If you type more than four characters then the extra characters and the null terminator will be written outside the end of the array, overwriting memory not belonging to the array. This is a buffer overflow.
C does not prevent you from clobbering memory you don't own. This results in undefined behavior. Your program could do anything—it could crash, it could silently trash other variables and cause confusing behavior, it could be harmless, or anything else. Notice that there's no guarantee that your program will either work reliably or crash reliably. You can't even depend on it crashing immediately.
This is a great example of why scanf("%s") is dangerous and should never be used. It doesn't know about the size of your array which means there is no way to use it safely. Instead, avoid scanf and use something safer, like fgets():
fgets() reads in at most one less than size characters from stream and stores them into the buffer pointed to by s. Reading stops after an EOF or a newline. If a newline is read, it is stored into the buffer. A terminating null byte ('\0') is stored after the last character in the buffer.
Example:
if (fgets(A, sizeof A, stdin) == NULL) {
/* error reading input */
}
Annoyingly, fgets() will leave a trailing newline character ('\n') at the end of the array. So you may also want code to remove it.
size_t length = strlen(A);
if (A[length - 1] == '\n') {
A[length - 1] = '\0';
}
Ugh. A simple (but broken) scanf("%s") has turned into a 7 line monstrosity. And that's the second lesson of the day: C is not good at I/O and string handling.

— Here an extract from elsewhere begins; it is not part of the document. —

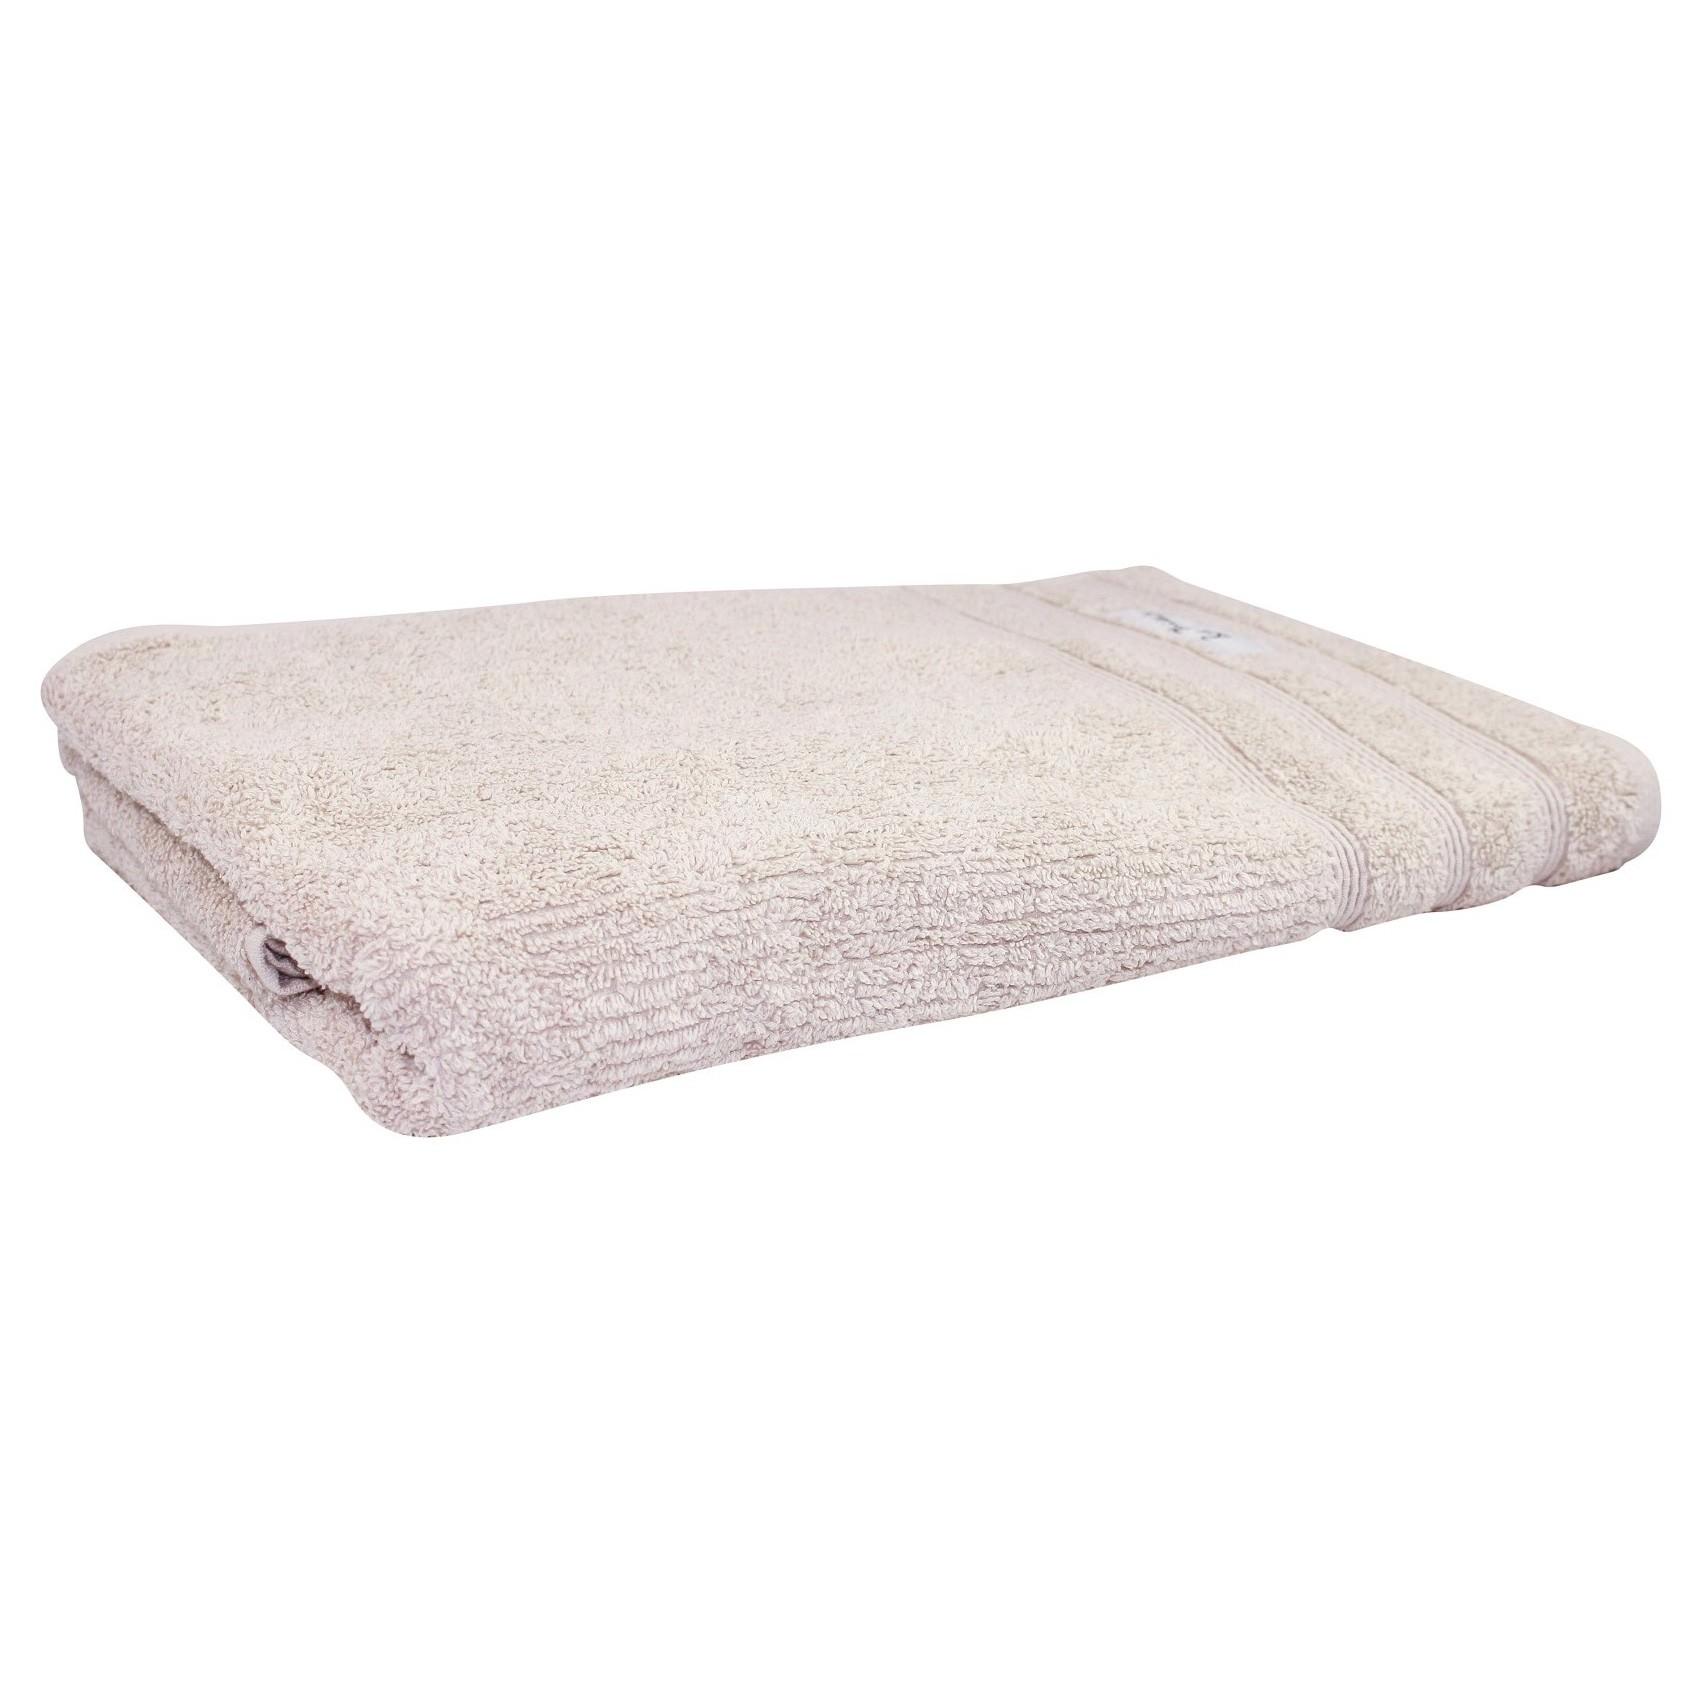 Bas Phillips Cairo Egyptian Cotton Bath Sheet, Desert

It can be done, and it can be done safely, but C will kick and scream the whole time.
As already pointed out - you have to define/allocate an array of length N + 1 in order to store N chars correctly. It is possible to limit the amount of characters read by scanf. In your example it would be:
scanf("%4s", A);
in order to read max. 4 chars from stdin.
character arrays in c are merely pointers to blocks of memory. If you tell the compiler to reserve 5 bytes for characters, it does. If you try to put more then 5 bytes in there, it will just overwrite the memory past the 5 bytes you reserved.

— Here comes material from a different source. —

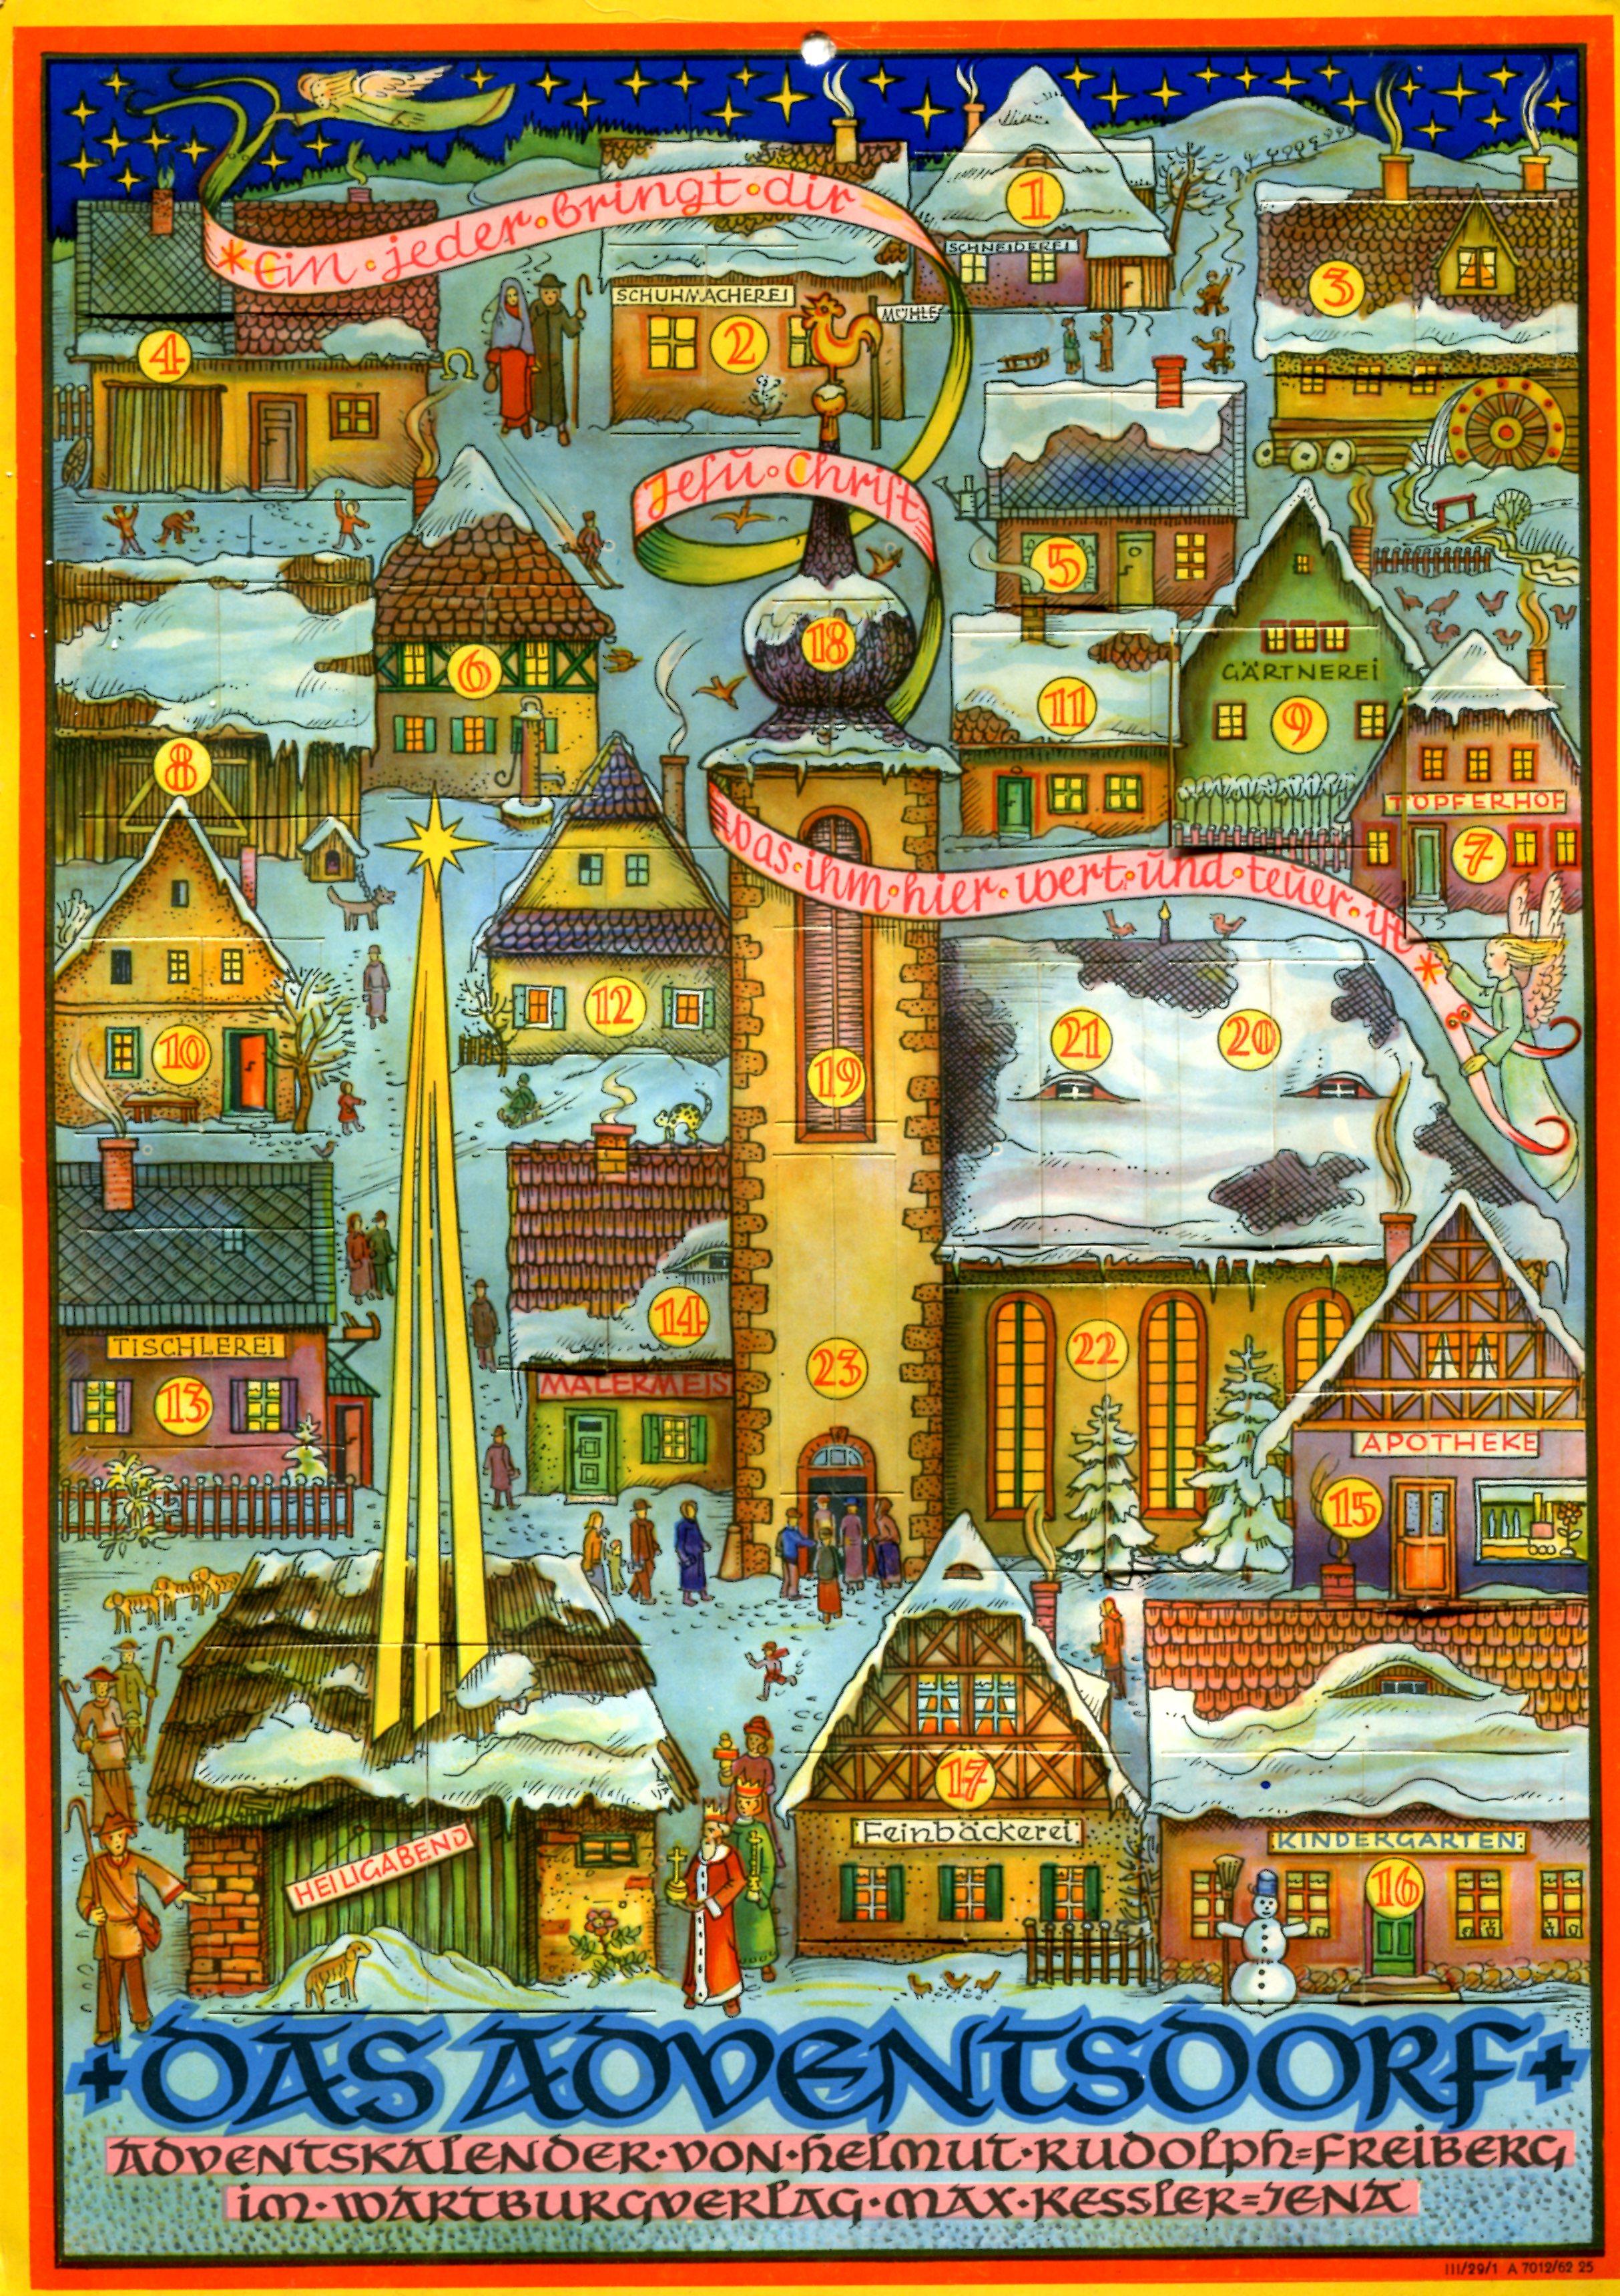 Adventskalender Helmut Rudolph

That is why c can have serious security implementations. You have to know that you are only going to write 4 characters + a \0. C will let you overwrite memory until the program crashes.

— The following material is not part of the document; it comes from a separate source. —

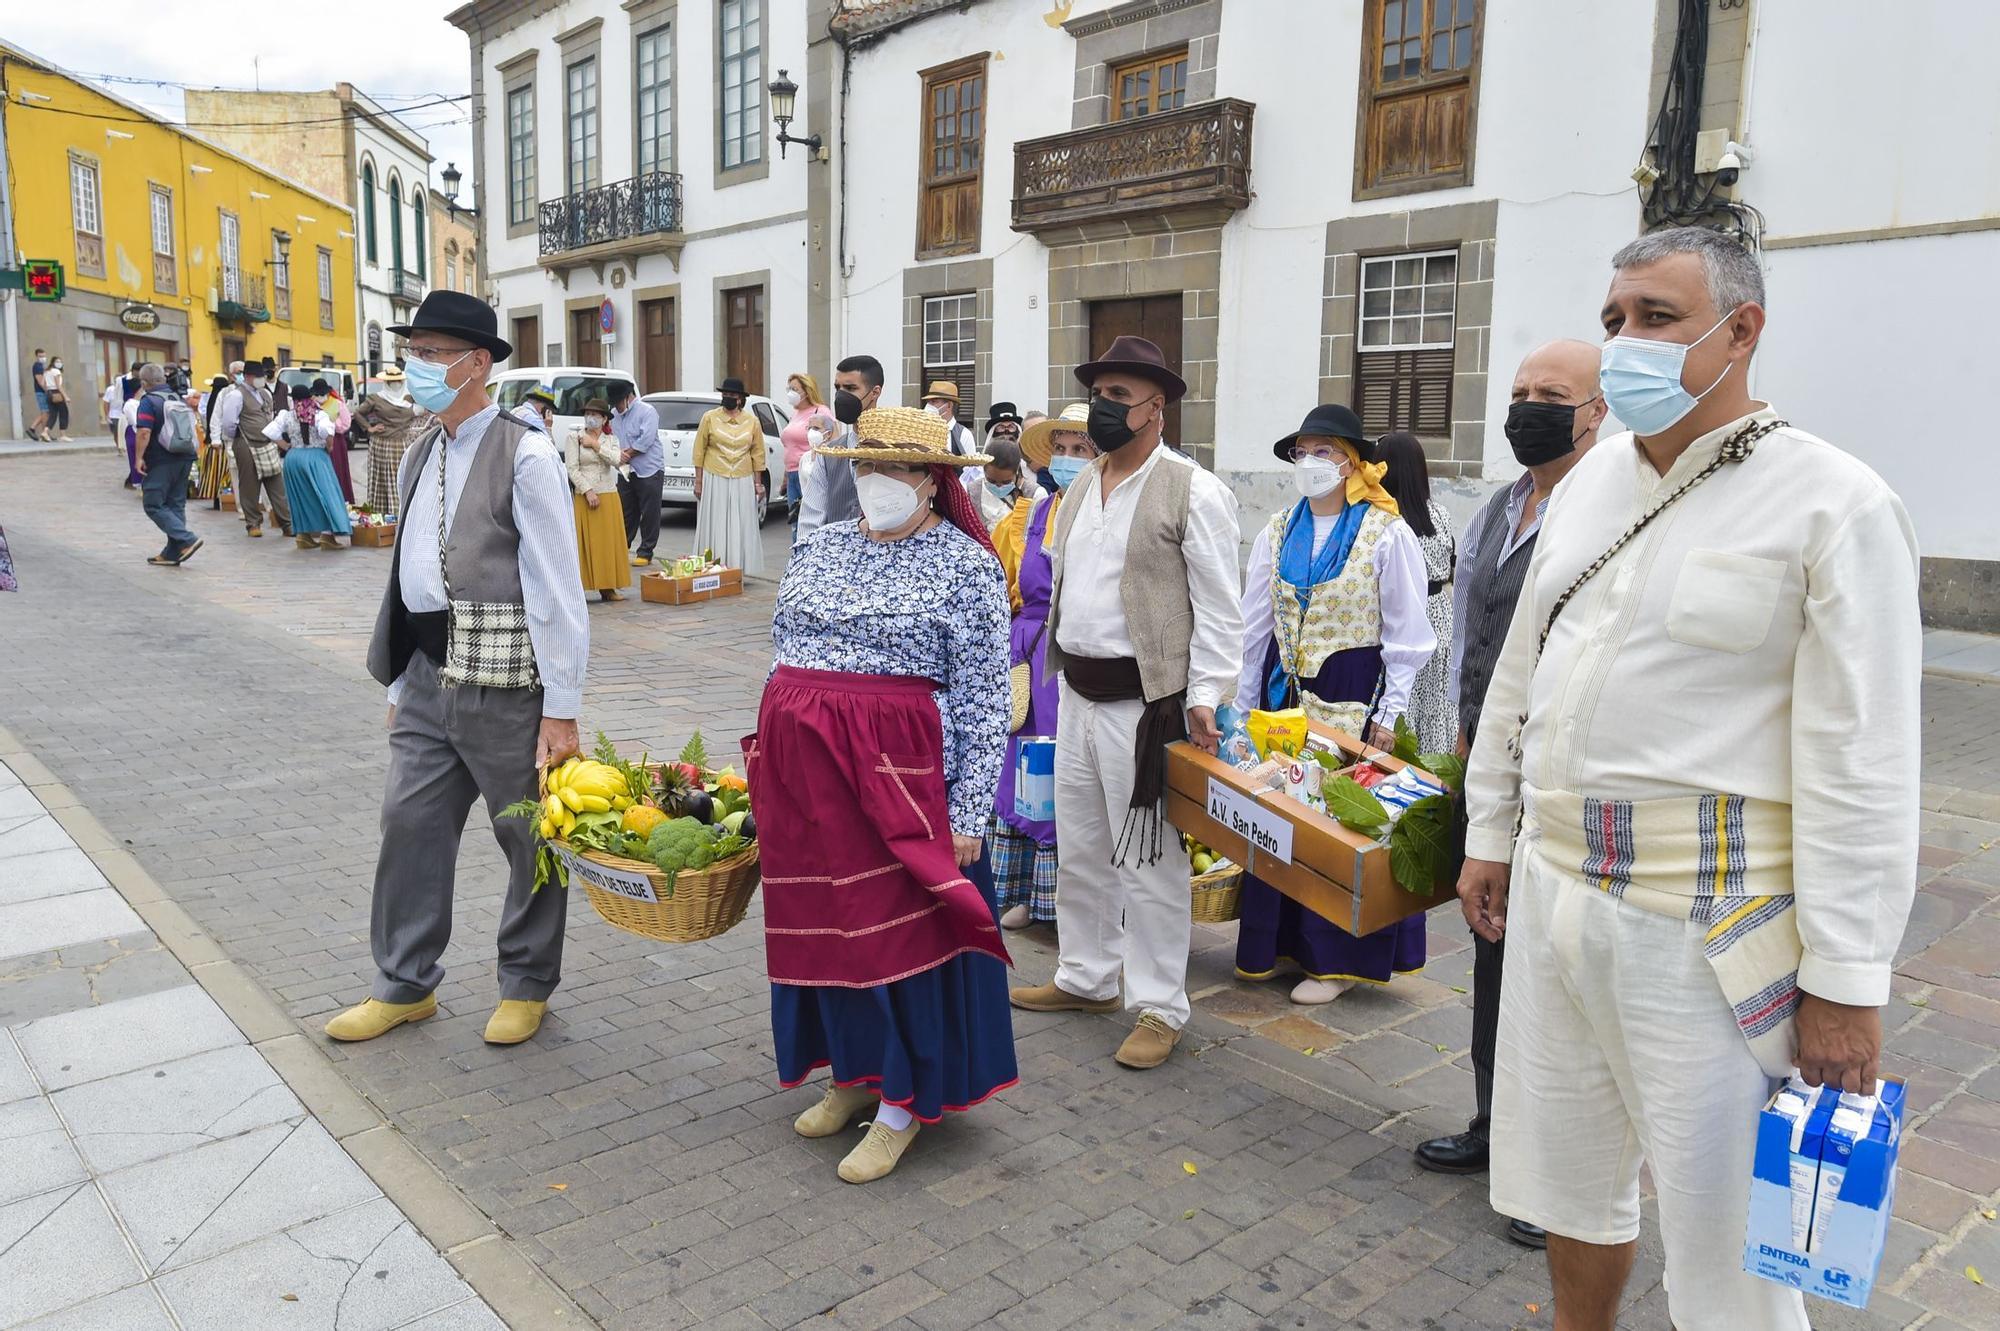 Ofrenda a San Juan en Telde (24/06/2021)

Please don't think of char foo[5] as a string. Think of it as a spot to put 5 bytes. You can store 5 characters in there without a null, but you have to remember you need to do a memcpy(otherCharArray, foo, 5) and not use strcpy. You also have to know that the otherCharArray has enough space for those 5 bytes.
You'll end up with undefined behaviour.
As you say, the size of A will always be 5, so if you read 5 or more chars, scanf will try to write to a memory, that it's not supposed to modify.
And no, there's no reserved space/char for the \0 symbol.
Any string greater than 4 characters in length will cause scanf to write beyond the bounds of the array. The resulting behavior is undefined and, if you're lucky, will cause your program to crash.
If you're wondering why scanf doesn't stop writing strings that are too long to be stored in the array A, it's because there's no way for scanf to know sizeof(A) is 5. When you pass an array as the parameter to a C function, the array decays to a pointer pointing to the first element in the array. So, there's no way to query the size of the array within the function.
In order to limit the number of characters read into the array use
scanf("%4s", A);
There isn't a character that is reserved, so you must be careful not to fill the entire array to the point it can't be null terminated. Char functions rely on the null terminator, and you will get disastrous results from them if you find yourself in the situation you describe.
Much C code that you'll see will use the 'n' derivatives of functions such as strncpy. From that man page you can read:
The strcpy() and strncpy() functions return s1. The stpcpy() and
stpncpy() functions return a
pointer to the terminating `\0' character of s1. If stpncpy() does not terminate s1 with a NUL
character, it instead returns a pointer to s1[n] (which does not necessarily refer to a valid mem-
ory location.)
strlen also relies on the null character to determine the length of a character buffer. If and when you're missing that character, you will get incorrect results.
the null character is used for the termination of array. it is at the end of the array and shows that the array is end at that point. the array automatically make last character as null character so that the compiler can easily understand that the array is ended.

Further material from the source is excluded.